There are many ways to eat mandarin fish, such as steaming, boiling, stewing, roasting and frying. It can also be made into dishes of various shapes and colors, such as "Oolong mandarin fish", "barbecued fish" and "vinegar fish", which are all famous dishes at banquets.
6, turtle: nourishing yin and tonifying kidney
Turtle is rich in protein, calcium, phosphorus, iron and vitamin A, and has been regarded as a nourishing product since ancient times. Patients with liver disease should not eat soft-shelled turtle; People suffering from gastroenteritis, gastric ulcer, cholecystitis and other digestive system diseases are not suitable for eating; Insomnia, pregnant women and postpartum diarrhea should not be eaten. Soft-shelled turtle contains high protein and fat, especially the animal glue on the skirt, which is not easy to digest and absorb, so it is not advisable to eat too much at one time.
7, hairtail: benefit the five internal organs
In the choice of fish, hairtail is the first among marine fish. Hairtail in spring is rich in nutrition, unsaturated fatty acids and magnesium, which has a protective effect on the heart. Moreover, the fat content of hairtail is higher than that of common fish, which has the functions of lowering cholesterol and enhancing the vitality of skin surface cells. Regular consumption of hairtail also has the effects of nourishing liver and blood, nourishing skin, caring hair and keeping fit. It should be noted that hairtail itself has a strong fishy smell, and it should be cooked with braised and sweet and sour methods.
8, bass: cough and phlegm
Perch is rich in digestible protein, fat, vitamin B2, nicotinic acid, calcium, phosphorus, potassium, copper, iron and selenium. Traditional Chinese medicine believes that perch is warm and sweet, and has the functions of invigorating spleen and stomach, nourishing liver and kidney, relieving cough and resolving phlegm. Spring bass is delicious, white as snow and tender, which is the best season to taste bass.
9, carp: spleen appetizer
Chinese medicine believes that it has the functions of nourishing, invigorating stomach, diuresis and lactation; Modern nutritional analysis shows that its fish tastes good, mainly because more than ten kinds of free amino acids are playing a role, especially glutamic acid, glycine and histidine.

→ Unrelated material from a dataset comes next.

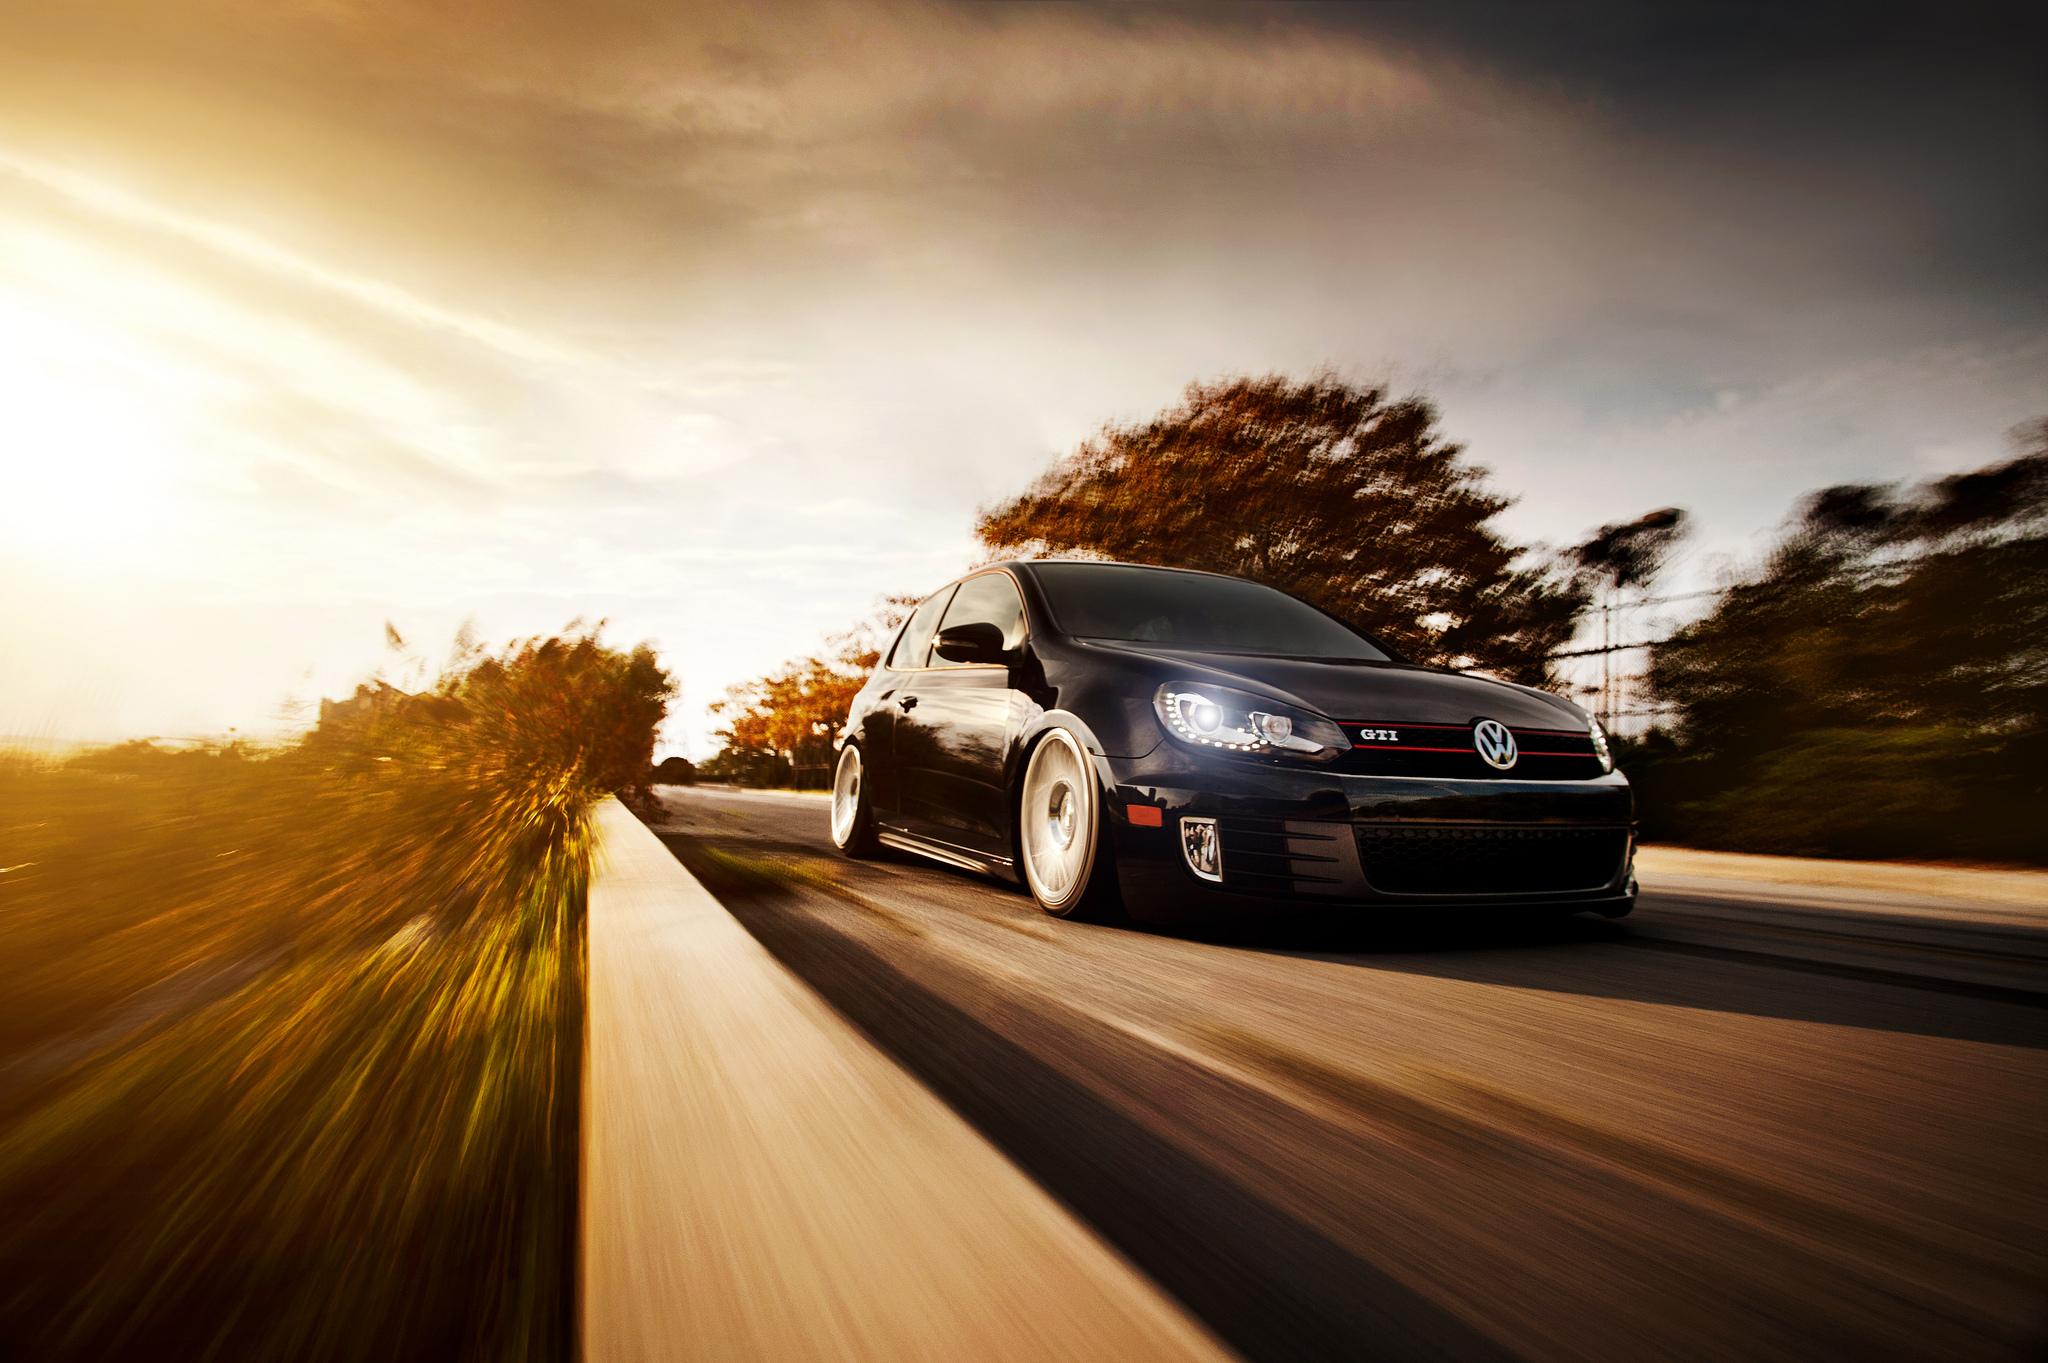 Download Volkswagen Golf GTI On The Road Wallpaper Wallpapers 2048x1363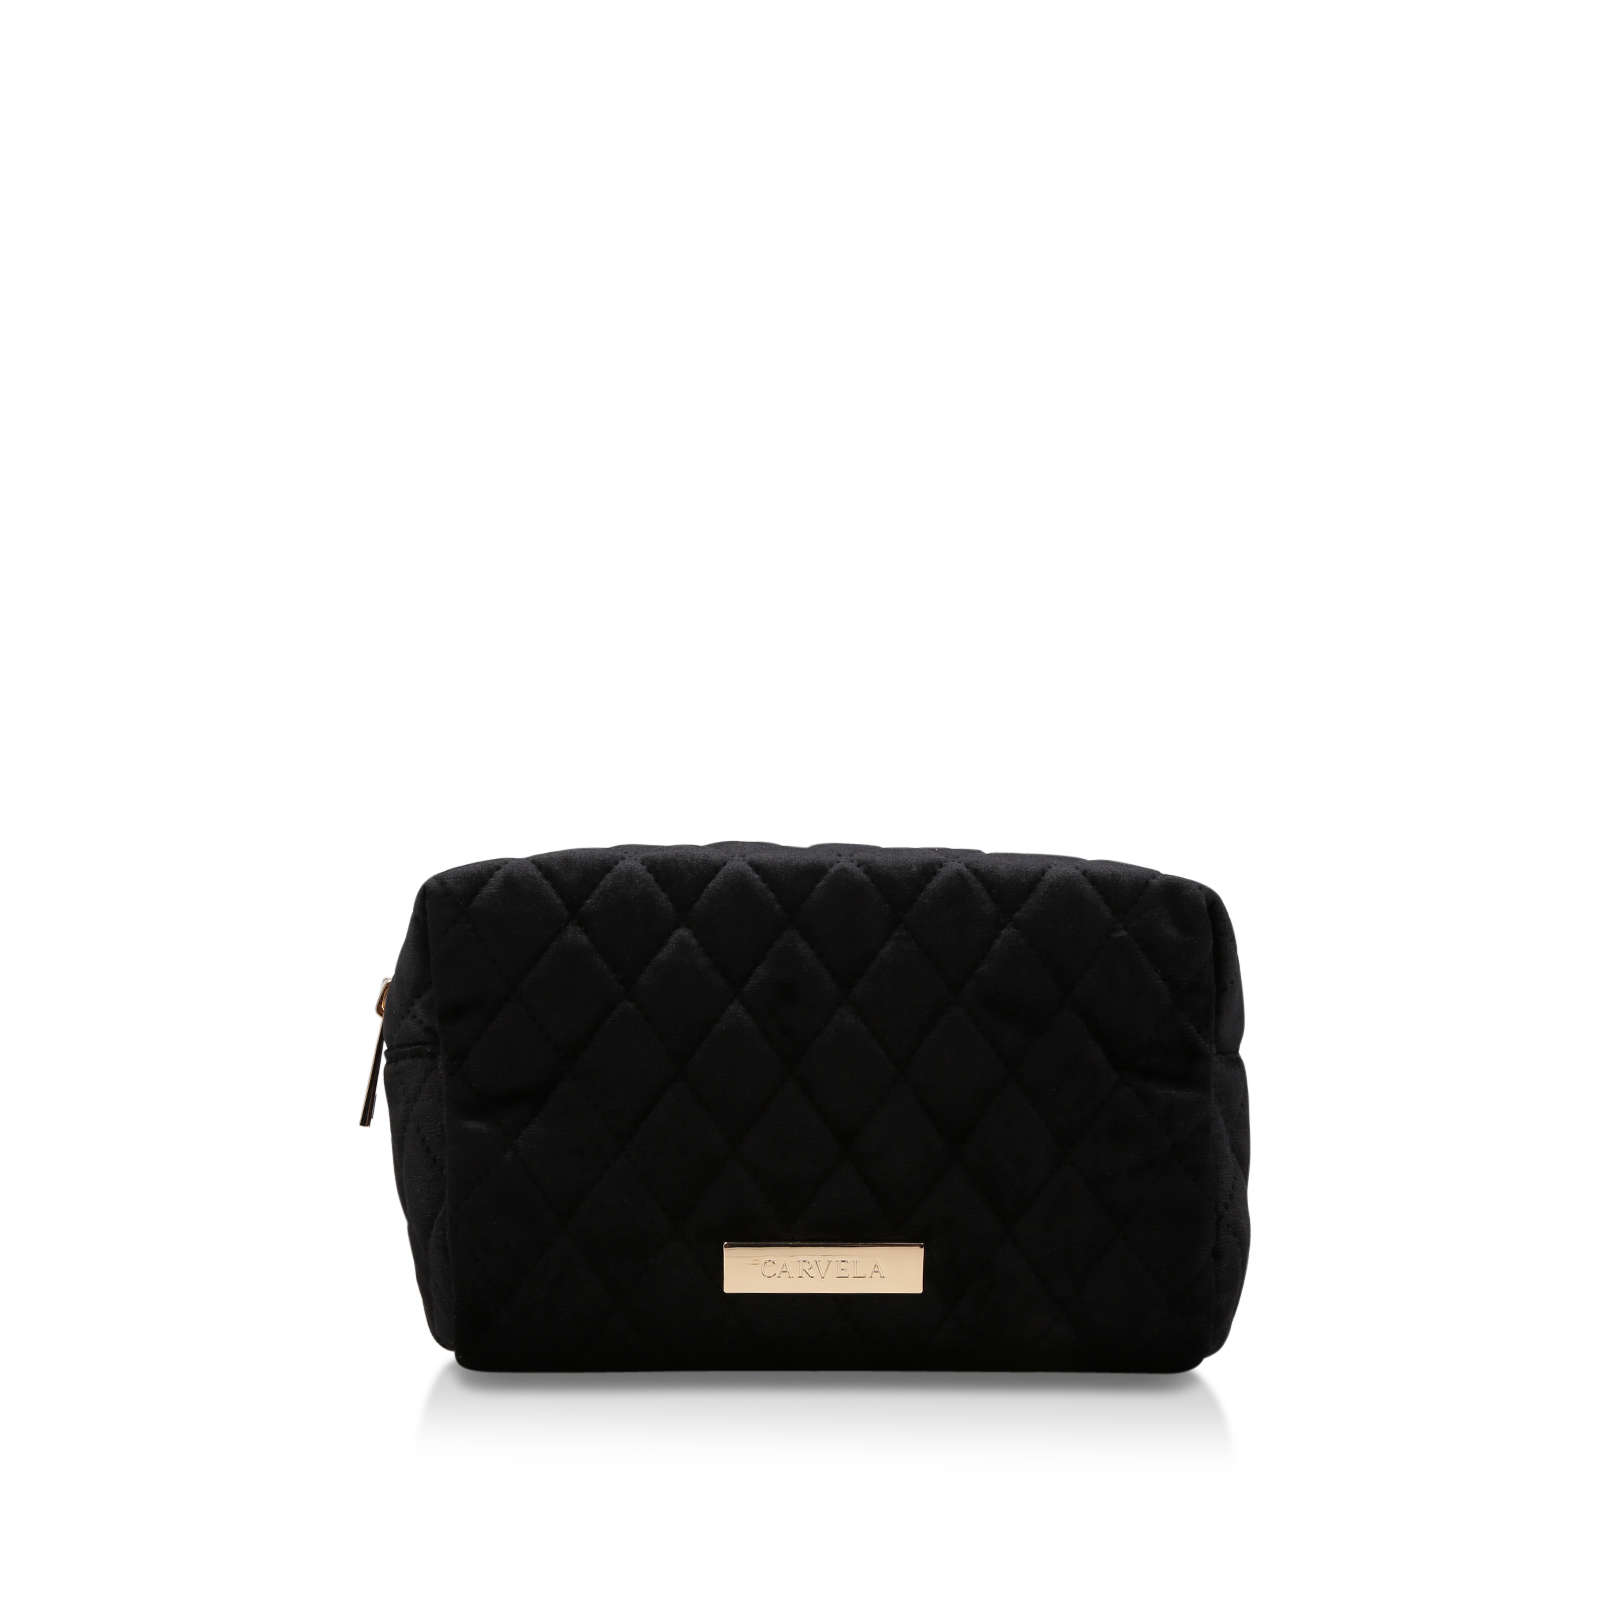 Ryley Cosmetic Bag by Carvela

10, Carassius auratus: Longevity
Crucian carp in river fish is also a good food supplement in spring. Crucian carp is characterized by comprehensive nutrition, high sugar content and low fat, and is rich in protein, vitamins, trace elements and amino acids necessary for human body, so it is tender and not greasy. Eating crucian carp regularly can not only strengthen the body, but also help to lower blood pressure and blood lipids and make people live longer. Maternal consumption of crucian carp can not only increase nutrition, but also effectively promote lactation.
1 1, cuttlefish: clearing stomach and removing heat.
Cuttlefish, also known as squid, has the functions of nourishing liver and kidney, nourishing qi and blood, clearing stomach and removing heat, nourishing blood and improving eyesight, dredging menstruation and preventing miscarriage, promoting delivery, stopping bleeding and promoting lactation.
12, snakehead: tonifying liver and kidney
The snakehead has the effects of invigorating spleen, promoting diuresis, removing blood stasis, promoting tissue regeneration, clearing away heat and expelling wind, and tonifying liver and kidney. Black fish is cold and sweet, belonging to the spleen and stomach meridian; Treating five hemorrhoids, treating damp arthralgia and facial edema, can "tonify the heart and nourish yin, clear kidney water, drain water and seep dampness, detoxify and clear heat".
13, mussel: abalone in the river
Early spring is a good time to eat mussels. Because the river is cold at this time and the leeches in the water are not active, it can be said that the mussels at this time are the cleanest and have the best meat quality. Has the effects of clearing away heat and toxic materials, nourishing yin and improving eyesight. No wonder the old people often say that "drinking a bowl of light vegetable soup in spring will keep the prickly heat from getting sore".